Assigned task: Exact repetition, pictures omitted: give every record below again.
(The records begins)
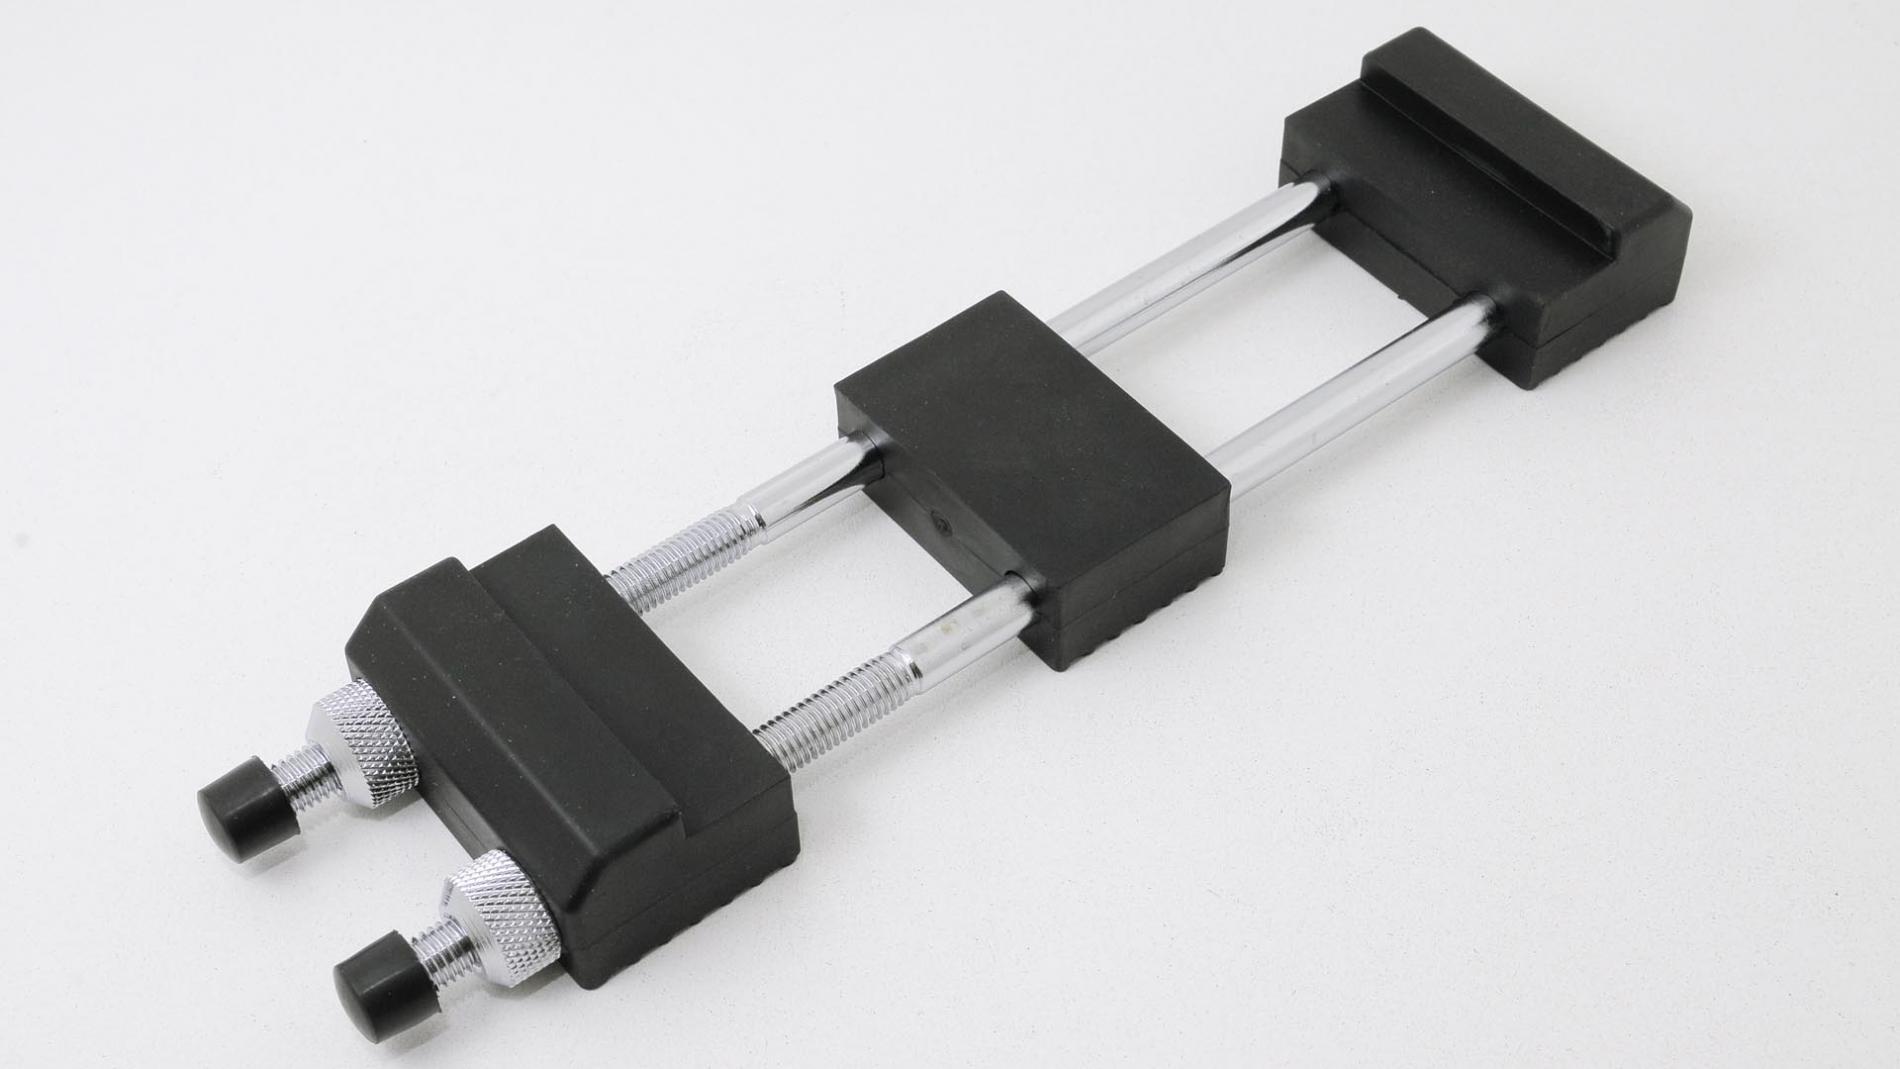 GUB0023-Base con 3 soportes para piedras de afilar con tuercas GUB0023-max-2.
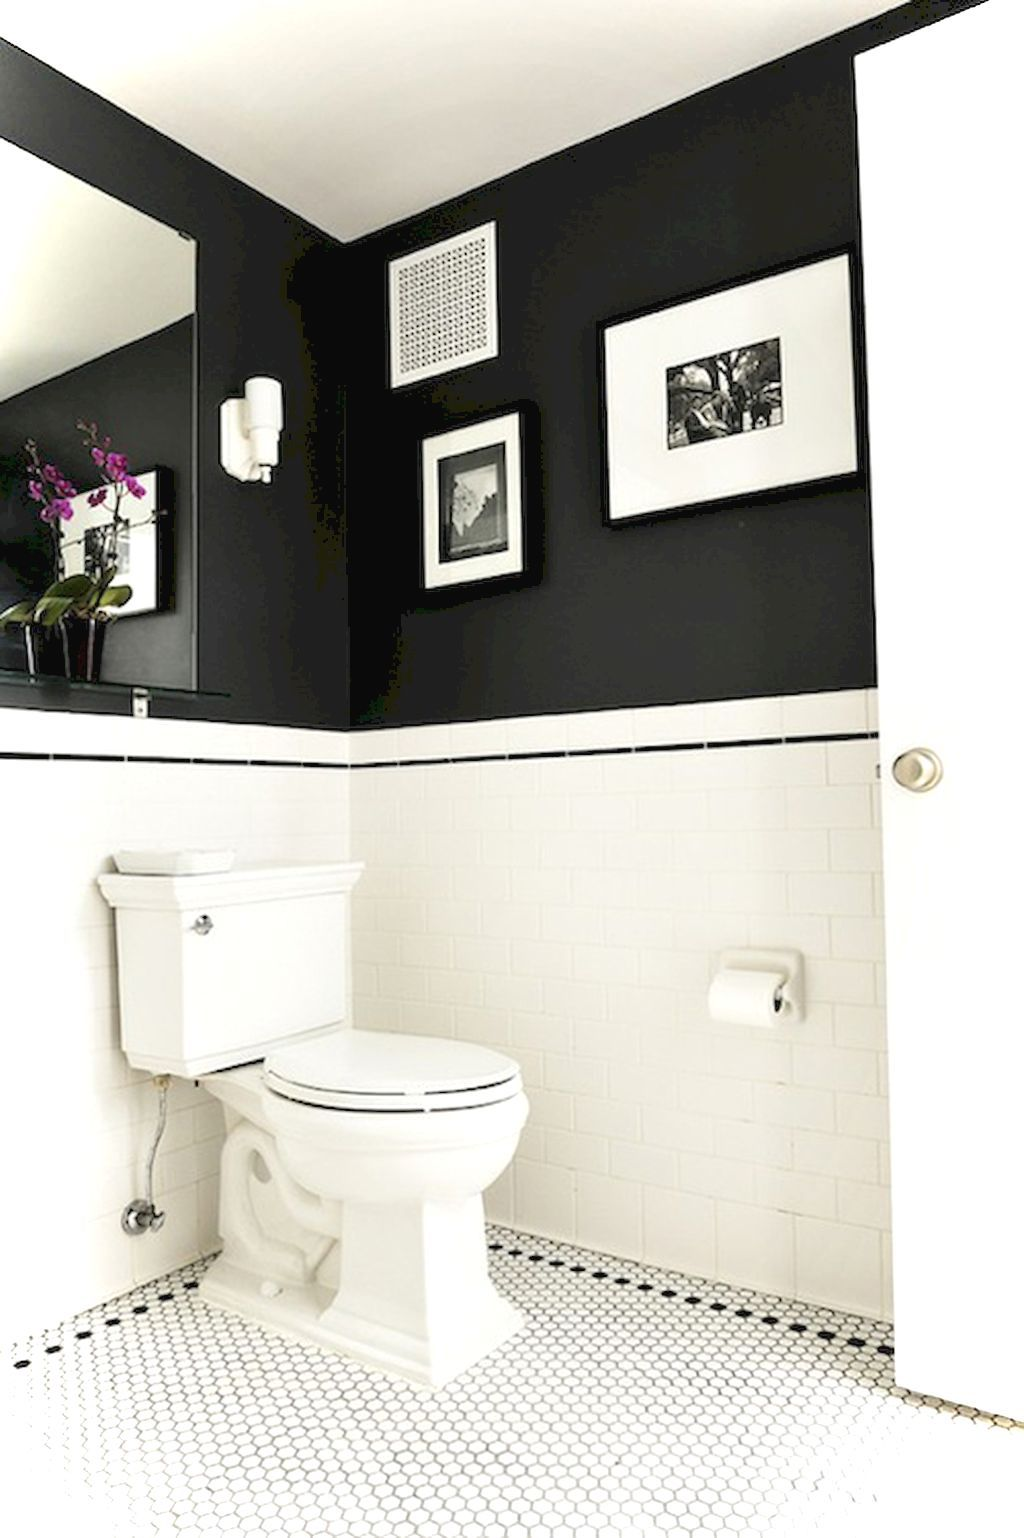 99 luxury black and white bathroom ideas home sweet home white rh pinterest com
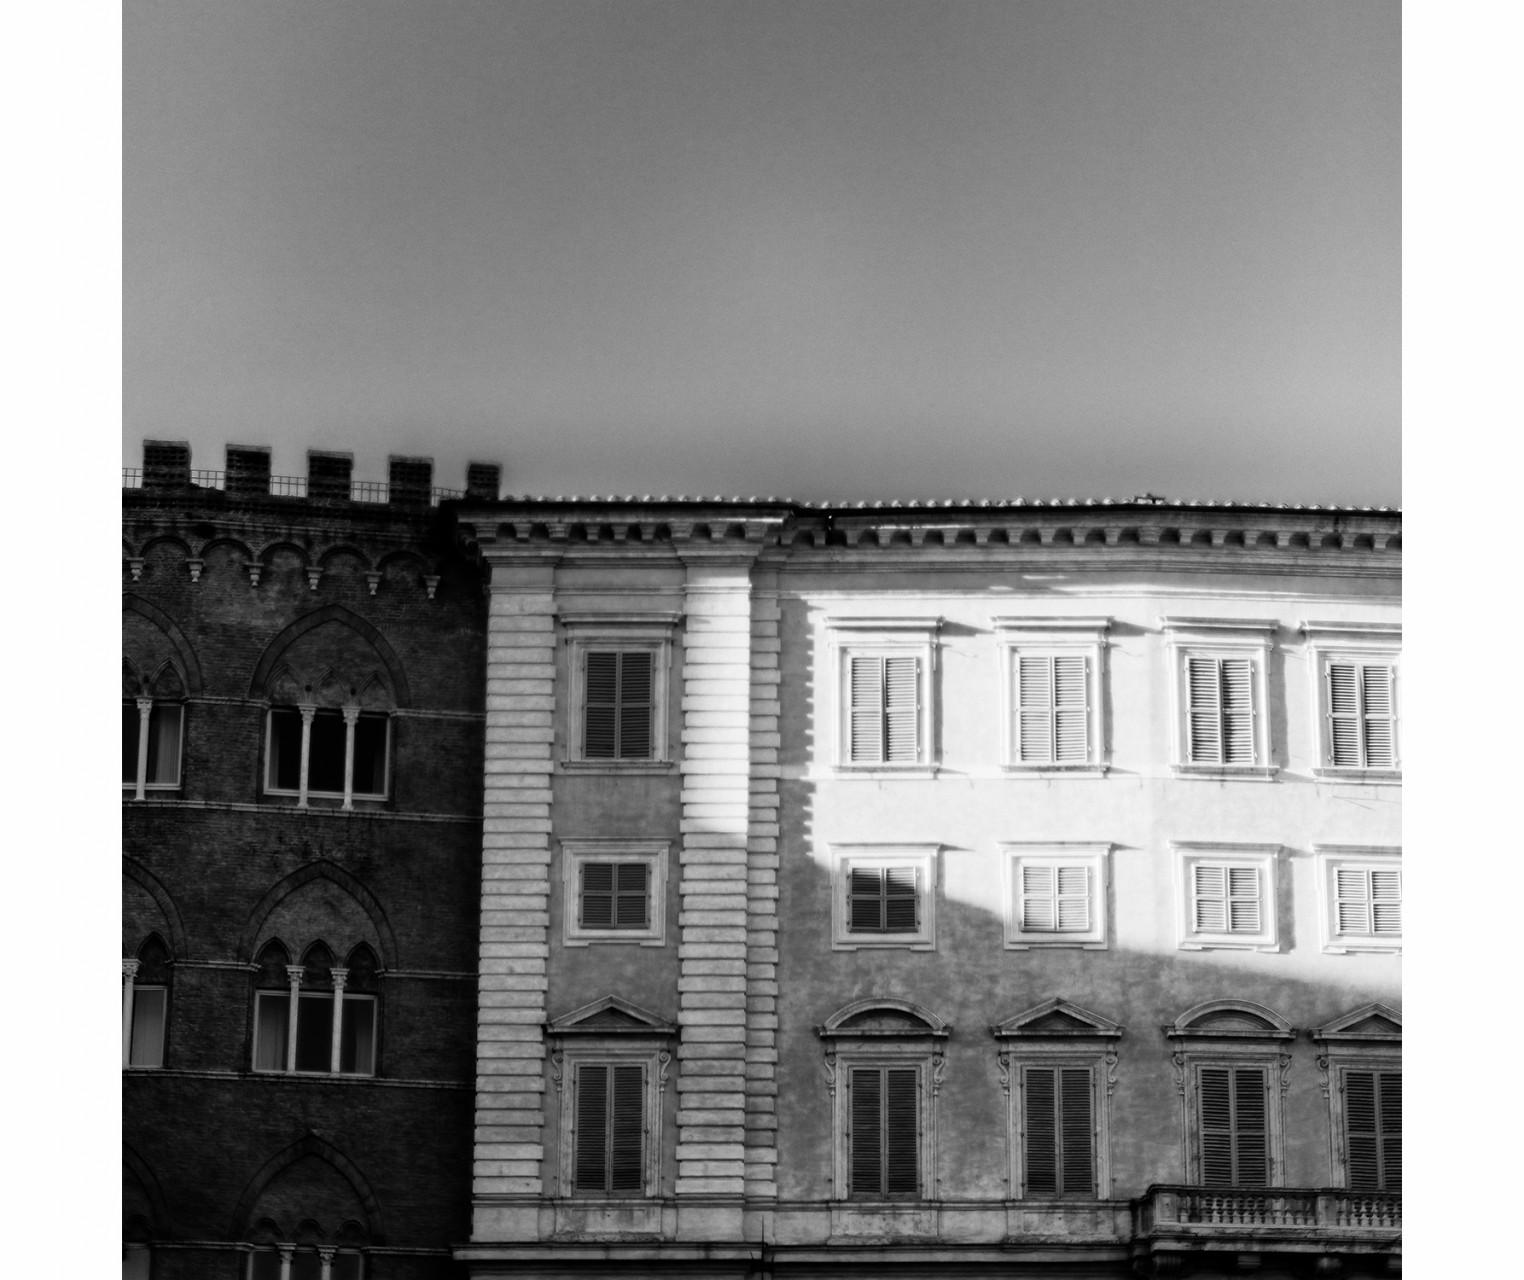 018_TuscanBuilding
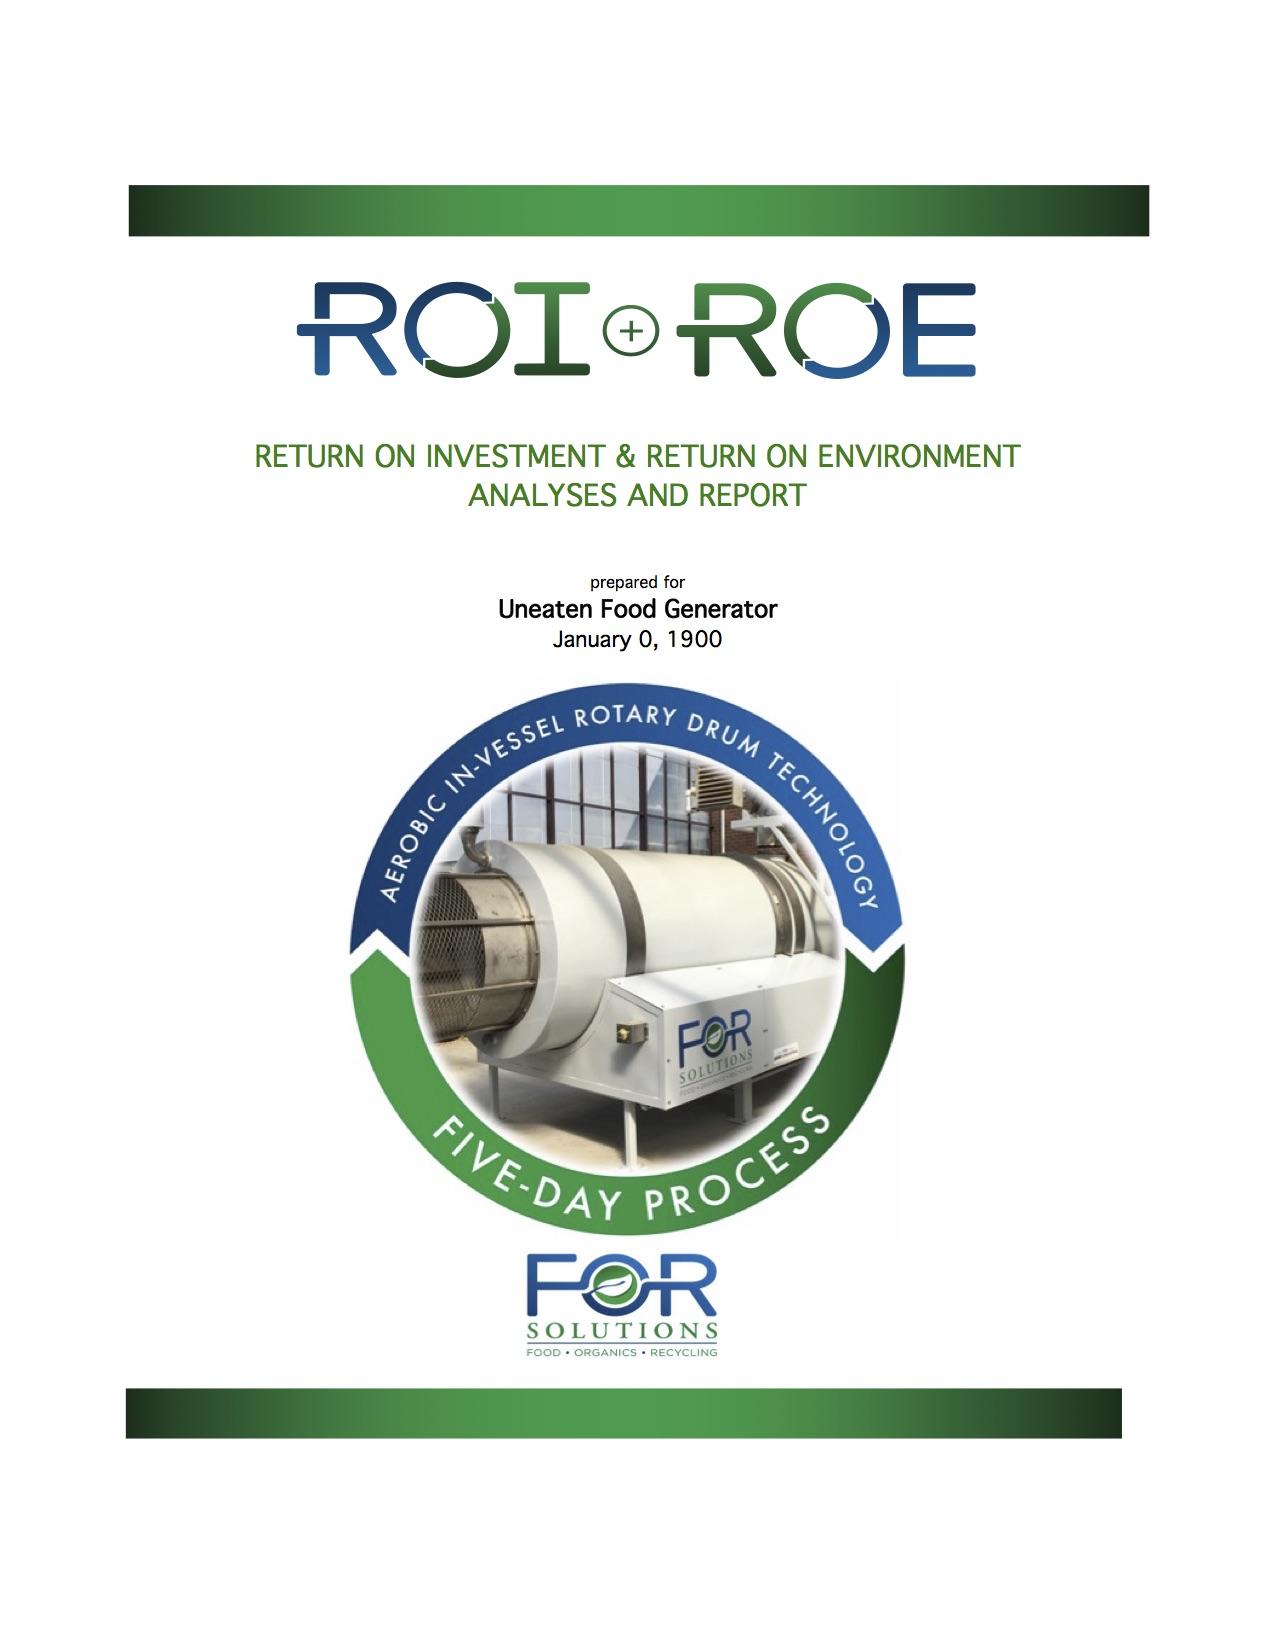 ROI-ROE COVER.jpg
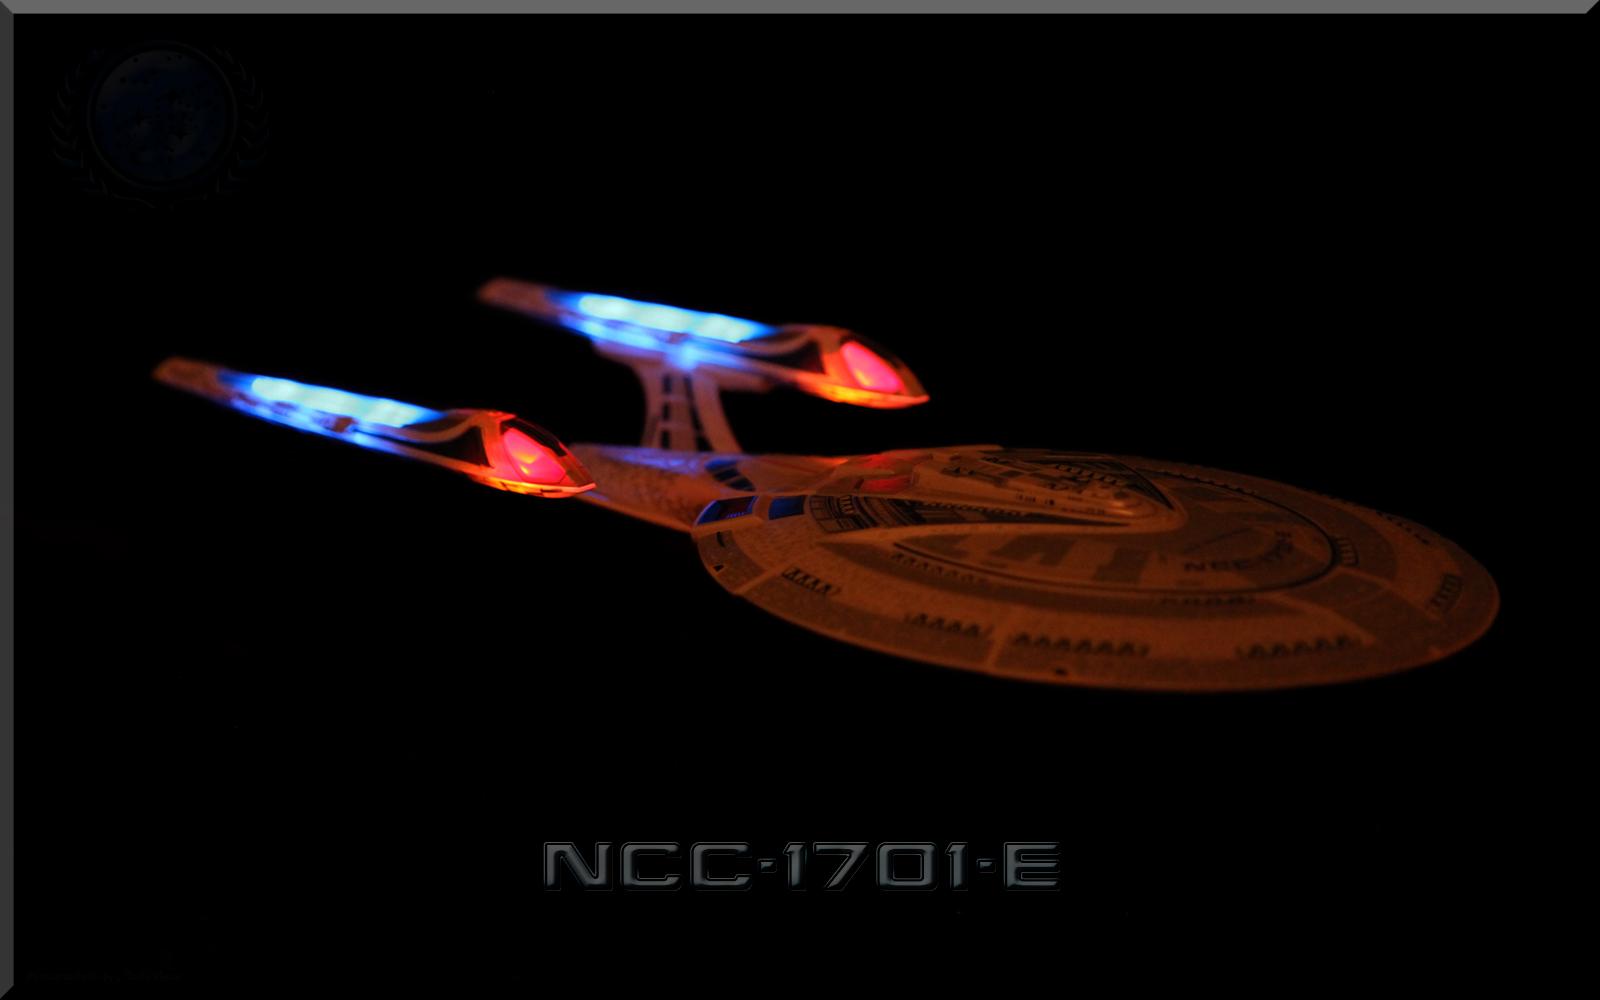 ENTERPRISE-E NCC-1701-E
(The records ends)
Response below:
 GUB0023-Base con 3 soportes para piedras de afilar con tuercas GUB0023-max-2.
 99 luxury black and white bathroom ideas home sweet home white rh pinterest com
 018_TuscanBuilding
 ROI-ROE COVER.jpg
 ENTERPRISE-E NCC-1701-E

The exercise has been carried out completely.